A great application of complexity theory to management.

This book is not about magic bullets. No slogans or easy fixes for managers in business. This is a book about the realities of business.There are books out there that discuss complexity theory well but management poorly, and there are also books that discuss management well but complexity theory poorly. This book is an exception in the field because it does a very nice job of discussing both. It is the blend of these two topics that makes it a nice read and a change of pace from other management reading. The book combines some very useful insights with examples that resonate with business people. It tries to explain how some disparate companies in different industries share some characteristics, and how those characteristics define their competitive success.I do have to warn, though, it is not an altogether light read. Although it has light moments, such as decriptions of cool companies, the guts can be dense. The core of the book is based on extensive and serious academic research, and that is evident. This is a serious book for people who want to think about management problems where the solutions are not simple or obvious.

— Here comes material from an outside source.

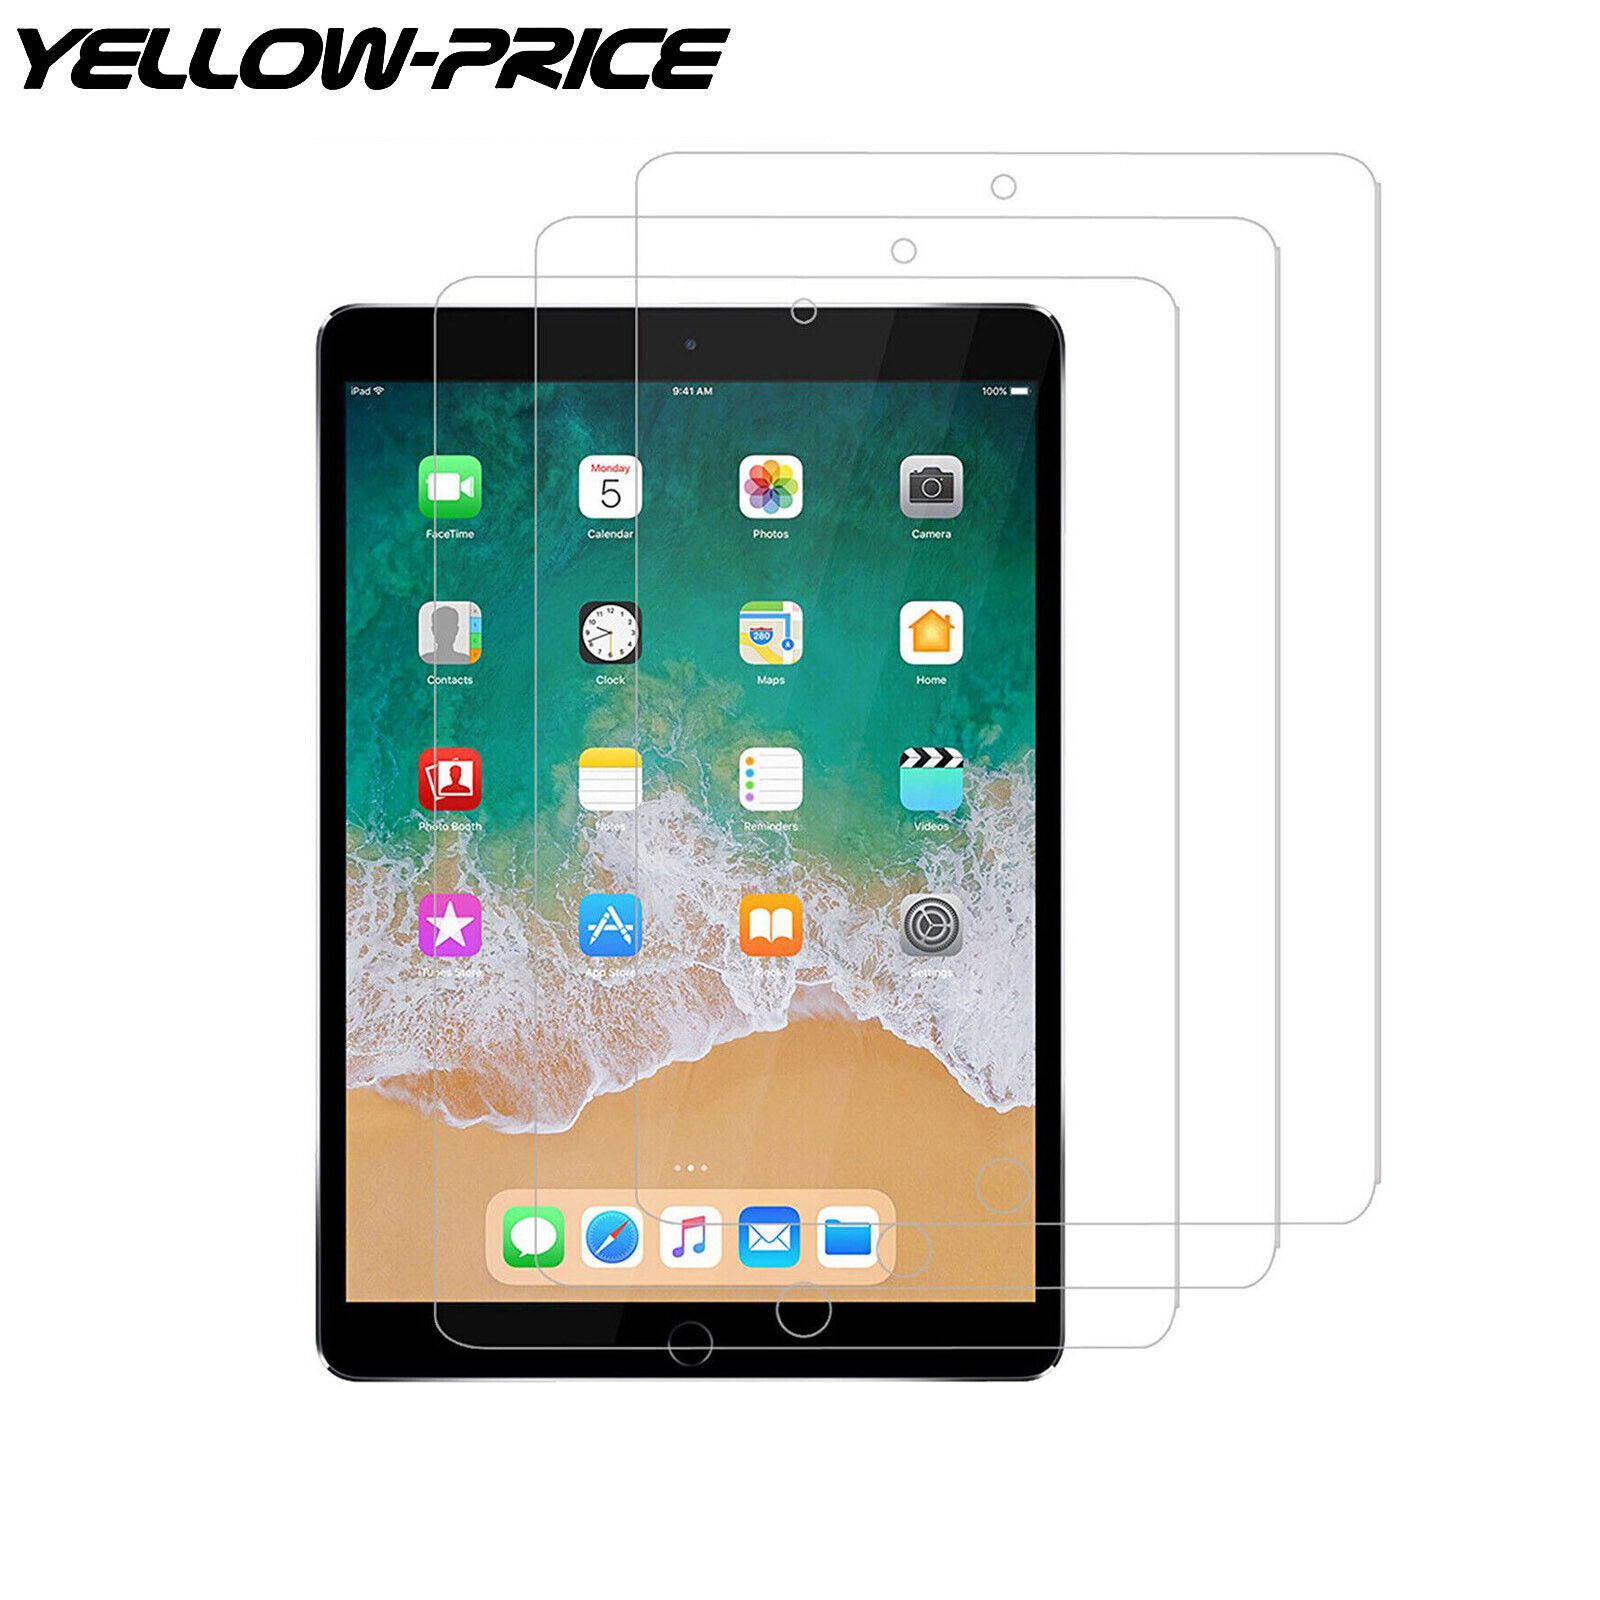 YELLOW-PRICE 3PCS Screen Protector Protective Screen Cover for iPad 2/3/4 9.7''

Required reading for strategic managers.+

Andersen Consulting recently completed a study of the worldwide electronics systems industry. One of the key results reported in this study was that those companies that followed traditional approaches to strategy, collaboration, organization, and business processes (as currently taught in most MBA programs and espoused by some consultants), had decreased chances for success compared to those firms whose managers followed innovative approaches to strategic thinking and action. While some details of the innovative approaches were provided in the report, there was no unifying framework to aid managers and researchers in putting the findings in context-nor was there any basis for generalizing the findings to other industries. Competing on the Edge provides such a framework as well as the basis for extension to a wide variety of industries. This book should be required reading for anyone who manages, does business with, invests in, or regulates--or plans to do so--firms in fast-moving environments. The authors identify three key concepts to managing change on a continuous basis: managing on the edge of chaos, managing on the edge of time and time pacing. Each of these concepts is illustrated via the identification and explication of a series of "traps" that, should the managers fall in, result in their companies becoming non-competitors in their industries. The traps are, in turn, detailed by references to a set of disguised studies that form the underpinning for concepts, and brought to life by reference to reinterpreted information about a variety of organizations that have appeared in the business and popular press. One aspect of the book that managers, especially, should appreciate-for Brown and Eisenhardt strategic management does not mean strategy formulation alone; it also includes implementation The book is eminently readable, with a scattering of side-bar boxes containing specific information on concepts raised in the text. The examples employed are nothing short of innovative--when is the last time you saw a management book that used the ecology of a prairie, caribou hunting and the Tour de France to illustrate points about strategy? Competing on the Edge is an excellent way to acquaint practicing managers as well as students in MBA programs with the latest concepts for managing organizations in situations where rapid change is the norm. It will certainly be required reading for my graduate course on Strategic Analysis for High Technology Industries.